Chapter 3
Sending money from India to another country is called remittance. When you pay for a relative's education abroad, book an overseas holiday, or invest in a foreign stock, the money has to physically leave the Indian financial system and arrive in another. That act of sending it out is remittance.
Now, sending money abroad is not unlimited, and this is where the rules come in. The framework that governs it is the Liberalised Remittance Scheme, in short, LRS. It sits under FEMA, the Foreign Exchange Management Act, which is the law that regulates how money moves in and out of India. The LRS is what makes personal global investing legal and accessible: it is the Reserve Bank of India's way of saying that ordinary residents are free to send money abroad, within defined limits, without needing special permission each time.
Under the LRS, every resident Indian is allowed to remit up to USD 250,000 abroad per financial year, across all purposes combined, whether investing, travel, education, or anything else. That is roughly 2.5 crore rupees, and it resets every financial year on the 1st of April. It applies to you as an individual, which means each member of a family has their own separate limit.
An important thing to note is that this limit is tracked via your PAN Card. Which means, even if you remit money through two bank accounts, you can still only send USD 250,000 overall.
Within that limit, the LRS permits a wide range of purposes, and investing is squarely one of them. You are allowed to buy foreign shares, ETFs, and mutual funds, and to hold money in permitted foreign currencies to do so. It also opens up more than just the United States: the scheme lets you invest across markets and hold assets in various major currencies, which is what makes genuine global diversification possible in the first place. As you saw in the earlier chapters, that wider door is exactly what lets you reach markets across North America, Europe, and Asia, rather than the US alone.

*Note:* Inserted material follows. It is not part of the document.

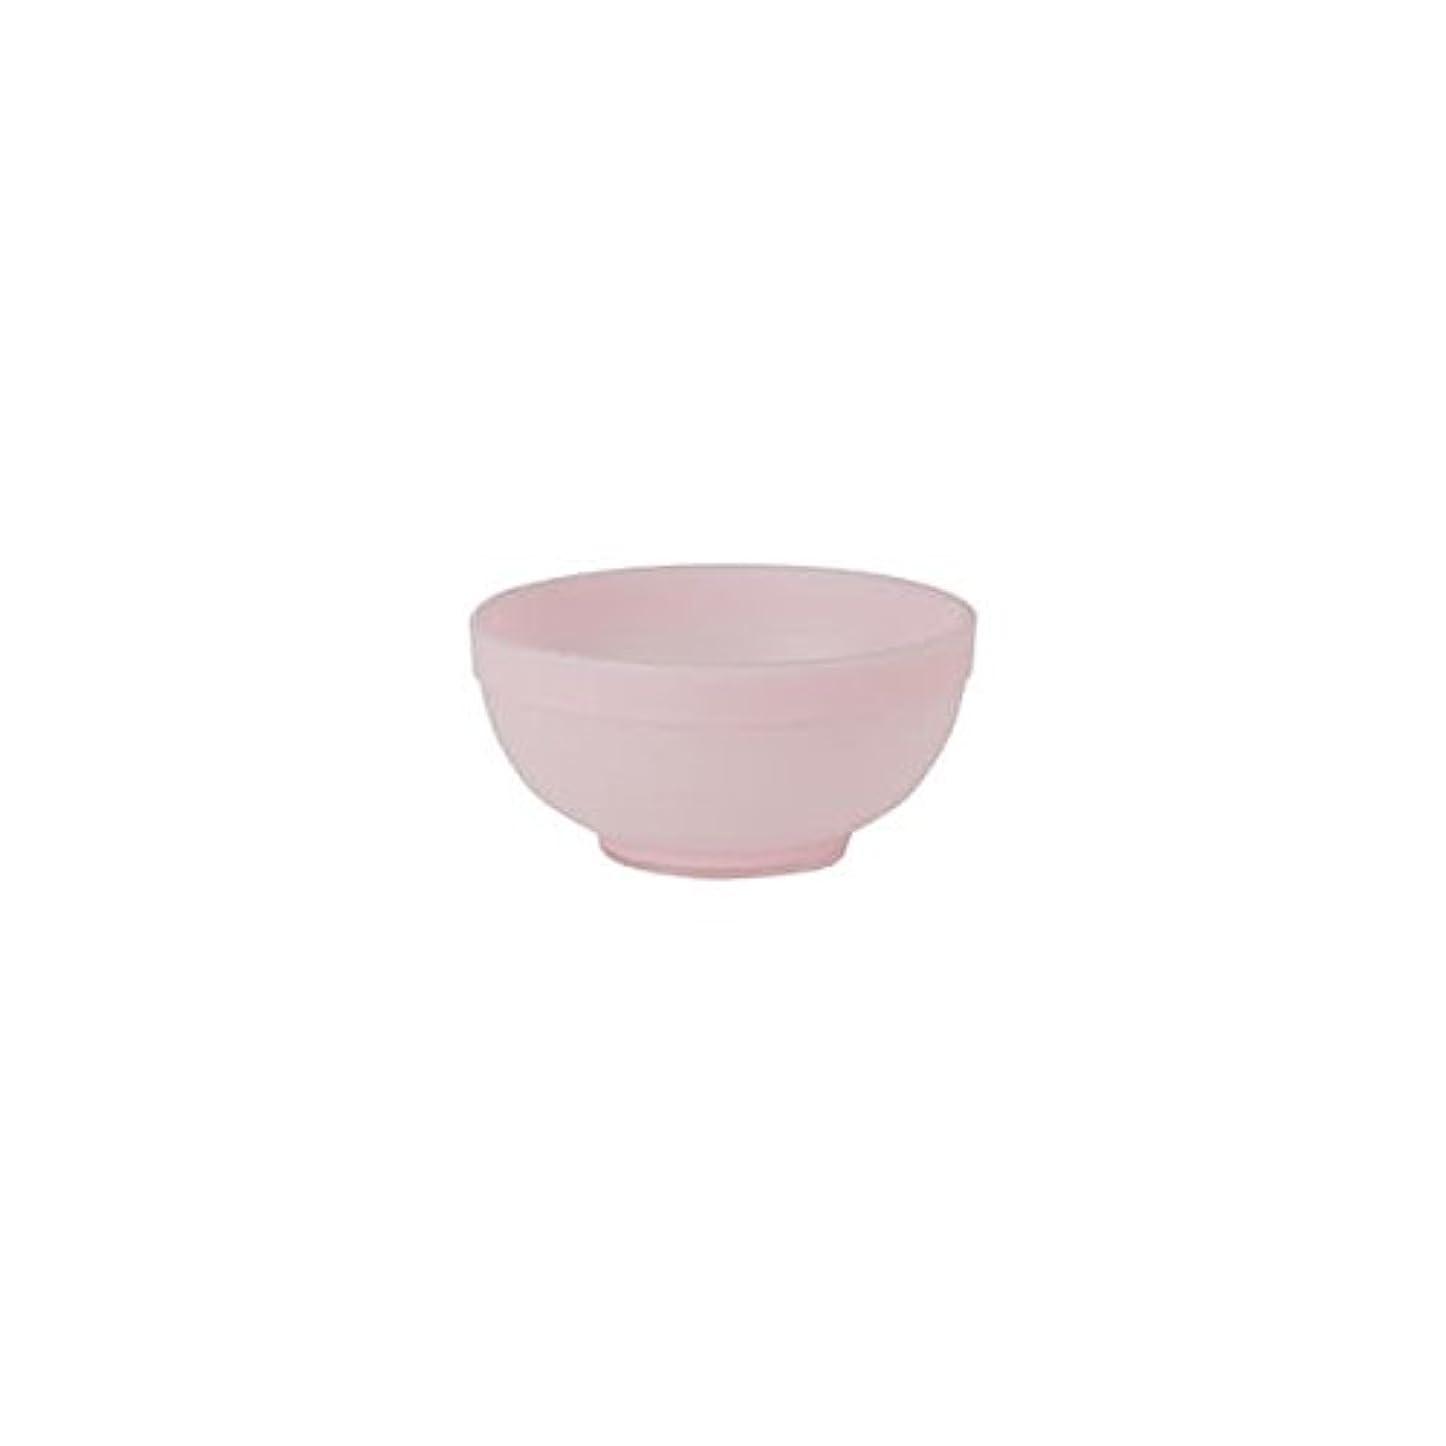 マイスター カラーボウル (Sサイズ) 直径6.5cm ライトピンク [ カラーボール プラスチックボウル プラスチックボール カップボウル カップボール エステ サロン プラスチック ボウル カップ 割れない 歯科 ]

There is one last thing to be aware of when money is remitted, and that is TCS, or Tax Collected at Source.
When your total remittances in a financial year cross a threshold, currently 10 lakh rupees, the bank collects a percentage of the amount above that threshold at the time of the transfer and deposits it with the tax department on your behalf. For investment remittances, that rate is currently 20% on the amount exceeding 10 lakh. The important thing to understand is that TCS is not an extra tax or a cost you lose. It is simply tax collected in advance. It gets adjusted against your overall tax liability when you file your return, and if you owe less than what was collected, you get the difference back as a refund.
A quick example makes this clear. Suppose you remit 15 lakh rupees in a year to buy US stocks. The first 10 lakh attract no TCS. On the remaining 5 lakh, TCS at 20% works out to 1 lakh rupees, which the bank collects at the time of transfer. That 1 lakh does not vanish. When you file your income tax return, it is credited back against whatever tax you owe. If your total tax due is higher, the 1 lakh reduces what you still have to pay; if it is lower, the excess is refunded to you. Either way, the money finds its way back to you. So while TCS does mean a little of your capital is parked with the tax department for a while, it is not a charge on your investment, just a timing matter. The finer details, including the current thresholds and rates, sit within Module 3 later on.